И вот появляется девушка не похожая ни на одну их тех, кого ему довелось знать. Будучи женщиной от природы, она словно лишена их слабостей, более того, обладает чертами, которых ее пол, по мнению Армана, начисто лишен: умом, смелостью, чувством собственного достоинства, а еще искренней верой (ибо женскую набожность считал Арман рисовкой или инструментом достижения своих целей). Нельзя сказать, что Ламерти одобрял характер Эмильенны, ибо та была его полной противоположностью, но он явно счел ее достойной целью для приложения своих усилий. В конце концов, лишь та победа имеет самый сладкий вкус, которая досталась нам ценой немалых усилий. Простые победы для слабых и ленивых. Завоевывая эту добродетельную красотку, можно позабыть о скуке, которая последнее время становится все явственней и невыносимей. Жить снова интересно, а значит – игра стоит свеч!
Глава седьмая.
Несколько последующих дней прошли для Армана и Эмильенны весьма мирно. Эти двое постепенно привыкали к обществу друг друга. Эмили перестала терзаться мыслью о том, что находится в доме и во власти постороннего мужчины.
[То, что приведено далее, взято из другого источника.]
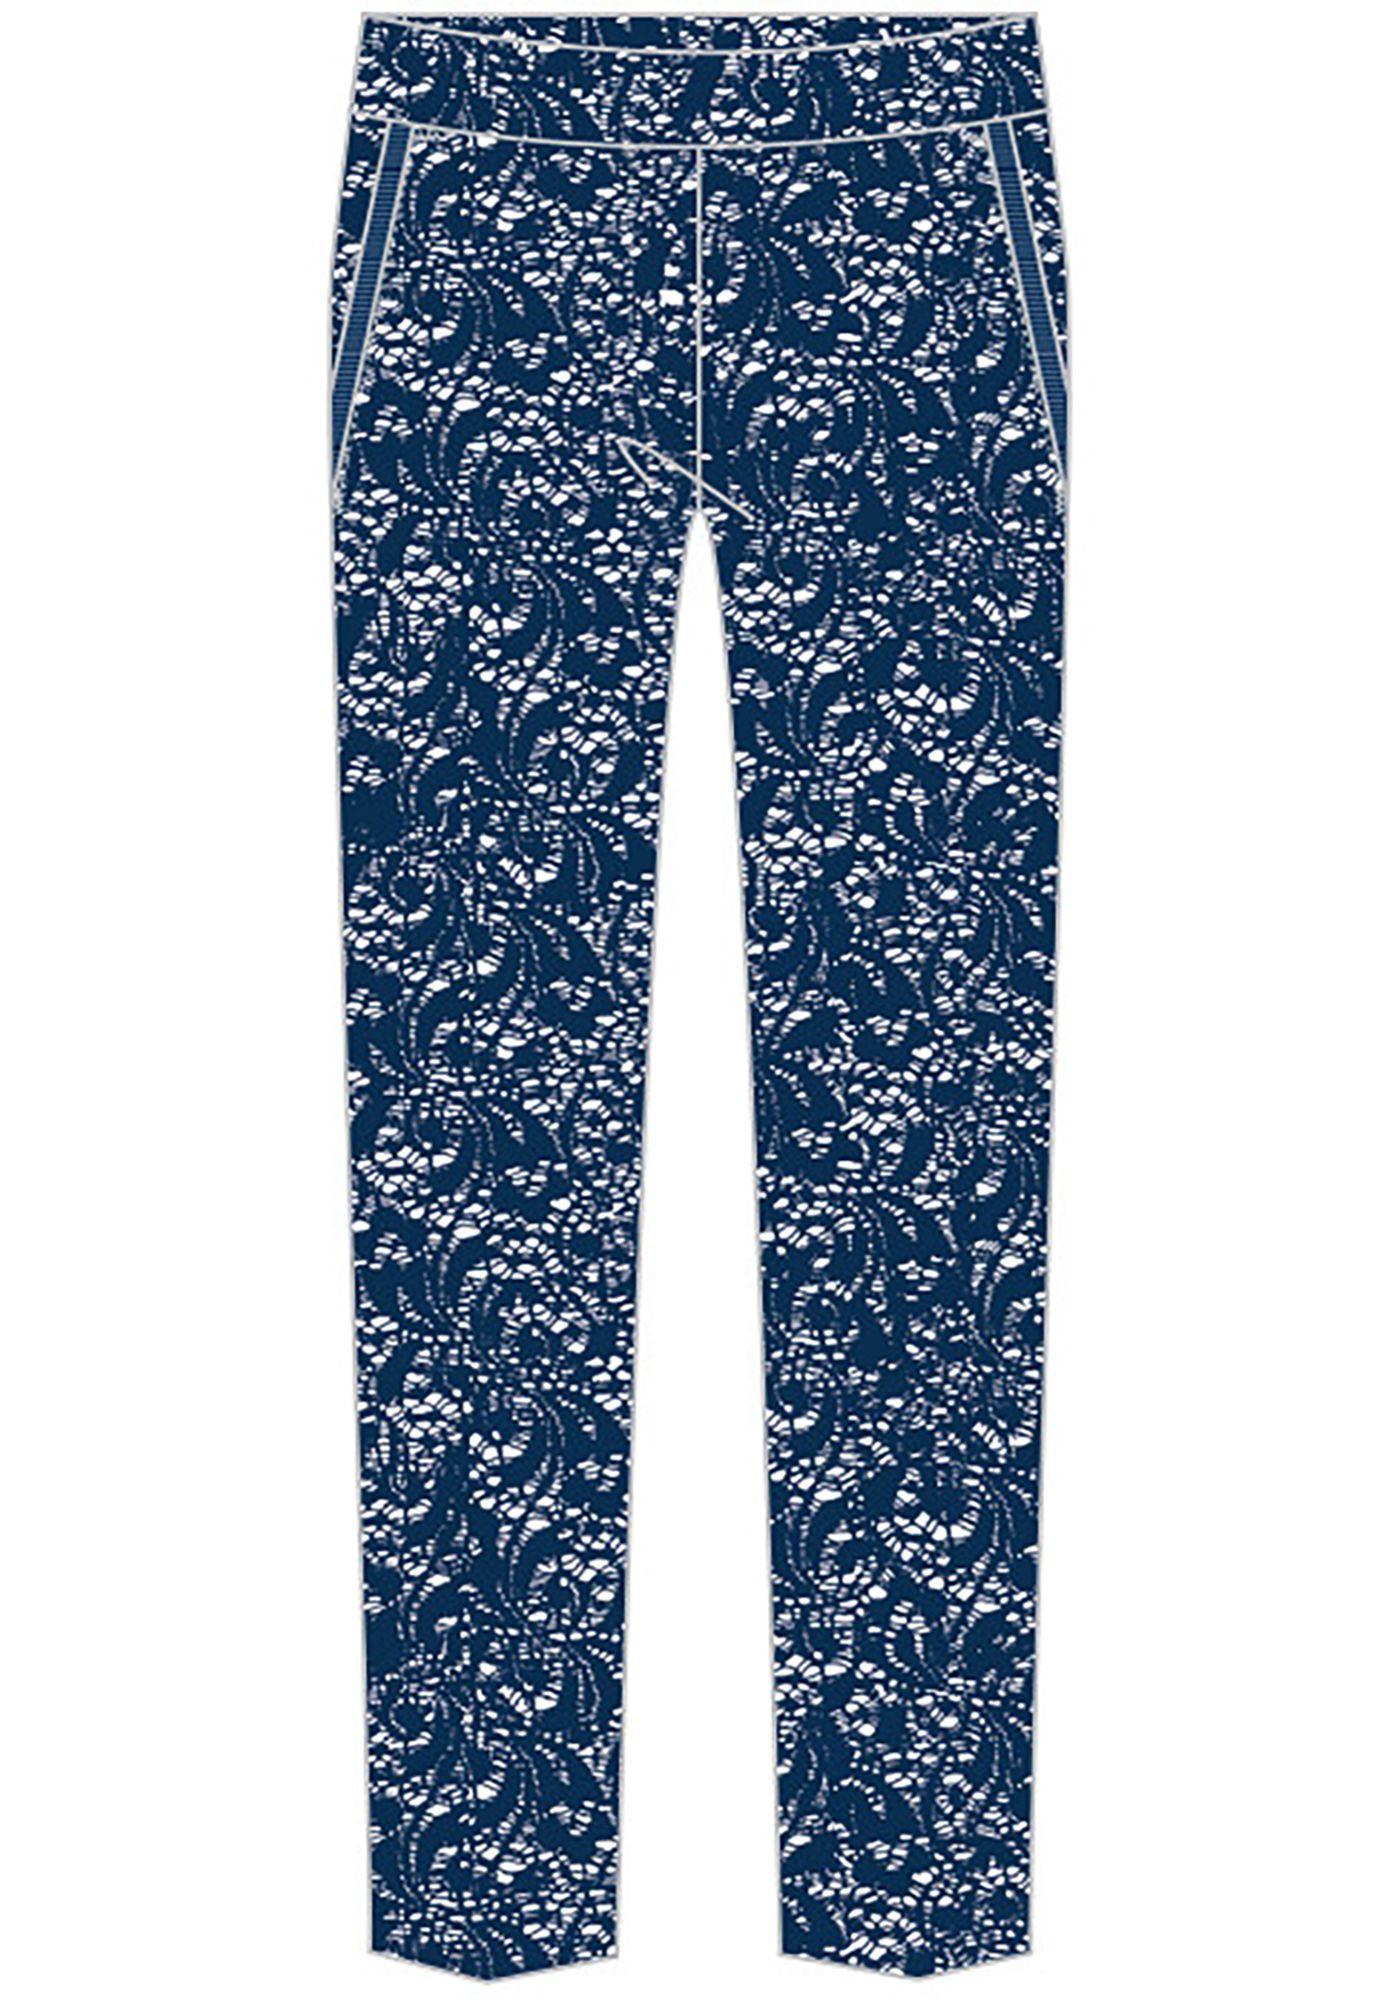 "EP Pro Women's 29.5"" Inseam Ankle-Length Golf Pants"

Безусловно, в иное время при подобных обстоятельствах ее репутация была бы безвозвратно погублена, но во времена Террора все настолько перевернулось с ног на голову, настолько стали казаться мелочны и несущественны прежние нормы морали и приличия на фоне необходимости элементарного выживания, что ни сама девушка, ни кто другой не посмел бы ее упрекнуть в безнравственности. Более того, ее нынешнее положение, пусть ненадежное и зыбкое, как островки земли посреди болота, но все же было много лучше, чем она могла изначально рассчитывать. Потому Эмильенна с каждым днем становилась все спокойнее, к ней стала возвращаться прежняя живость и даже веселость.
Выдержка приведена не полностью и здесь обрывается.